MyPayRights

Connecticut PTO Payout Law 2026

Unused vacation payout rules, final paycheck timing, and wage claim steps for Connecticut workers.

State rule

PTO payout depends on policy

No general mandate; payout is owed only if the employer's policy or agreement provides it.

Connecticut usually looks first to the employer's written PTO or vacation policy. A clear forfeiture policy can change the result.

PTO rule type

PTO payout depends on policy

If fired

Next scheduled payday

If resigned

Next scheduled payday

What this means in practice

A PTO claim in Connecticut is strongest when the records line up: accrued time, a policy promising payout, and a final paycheck that left the balance out.

In Connecticut, a payout dispute is usually won or lost on the paperwork. Compare the handbook, offer letter, and final paystub, then contact https://portal.ct.gov/dol if the employer ignores a promised cash-out.

How to estimate the payout

For the first estimate, ignore tax withholding and calculate the gross wage value only. Compare that number with the PTO line, if any, on the final paystub.

Documents to save

  • Connecticut agency URL or filing page: https://portal.ct.gov/dol
  • Connecticut final paystub showing whether unused PTO appeared as a wage line
  • Payroll or HR portal screenshot showing the accrued PTO balance
  • Employee handbook section or written PTO policy covering payout and forfeiture
  • Offer letter, contract, or separation agreement with vacation-pay terms
  • Messages from payroll or HR explaining the Connecticut payout decision
  • Last-day record showing whether the next scheduled payday or next scheduled payday deadline applies

State-specific checkpoints

In Connecticut, a final paycheck — including any PTO payout that is owed — is due next scheduled payday when the employer ends the job and next scheduled payday when you resign. Confirm the current rule against the Connecticut labor agency before you file, since deadlines and payout rules can change between legislative sessions.

Connecticut does not create a different timing track for quitting versus being fired on this page's data, so the policy language and final wage statement carry more weight.

Connecticut sits in the U.S. Census Northeast region, and 2 of the 8 Northeast comparison states below share the same approach and the rest differ, so it is worth checking each state individually.

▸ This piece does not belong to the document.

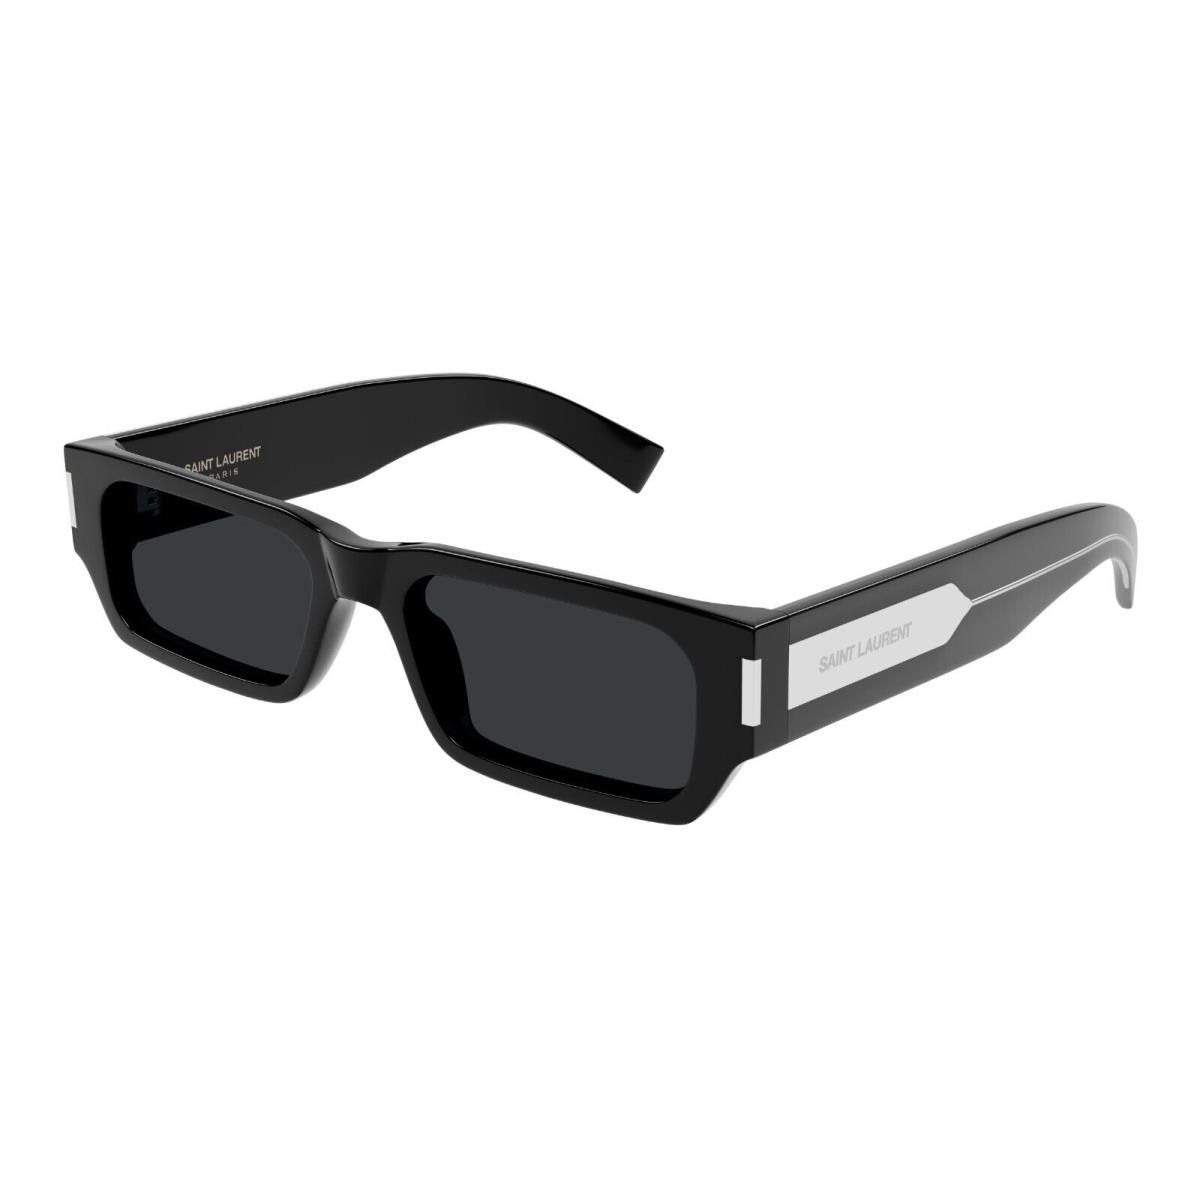 Saint Laurent SL 660 Black/grey 001 Sunglasses

Connecticut's regional comparison set is Maine, Vermont, Massachusetts, Rhode Island, New Hampshire, Pennsylvania, New Jersey, and New York. New Hampshire and New York match Connecticut's payout category, while Maine, Vermont, Massachusetts, Rhode Island, Pennsylvania, and New Jersey use a different category.

How regional states handle PTO payout

How Connecticut compares with selected Northeast states on unused vacation payout and final-pay timing. Follow a link for that state's full rules.

StateRule detailIf firedIf resigned
Connecticut (this page)

PTO payout depends on policy

No general mandate; payout is owed only if the employer's policy or agreement provides it.

Next scheduled paydayNext scheduled payday
Maine

PTO payout required

Since 2023, private employers with 11+ employees must pay accrued vacation at separation; smaller and public employers are exempt.

Next scheduled paydayNext scheduled payday
Vermont

No state PTO payout requirement

No statute requires vacation payout; employer policy controls.

Within 72 hours of separationWithin 72 hours of separation
Massachusetts

PTO payout required

The Wage Act treats earned vacation as wages; unused vacation must be paid at separation.

Day of terminationNext scheduled payday
Rhode Island

PTO payout required

After one year of service, accrued vacation must be paid as wages within 24 hours of separation.

Next scheduled paydayNext scheduled payday
New Hampshire

PTO payout depends on policy

Payout is required if the employer's policy or practice provides for it.

Within 72 hours of separationNext scheduled payday
Pennsylvania

No state PTO payout requirement

No statute requires payout; policy or contract controls.

Next scheduled paydayNext scheduled payday
New Jersey

No state PTO payout requirement

No state law mandates vacation payout; employer policy controls.

Next scheduled paydayNext scheduled payday
New York

PTO payout depends on policy

Accrued vacation must be paid unless the employer has a written forfeiture policy communicated in advance.

Next scheduled paydayNext scheduled payday

Calculate and compare

Common questions

Does Connecticut require PTO payout when I leave?

Connecticut usually looks first to the employer's written PTO or vacation policy. A clear forfeiture policy can change the result. No general mandate; payout is owed only if the employer's policy or agreement provides it.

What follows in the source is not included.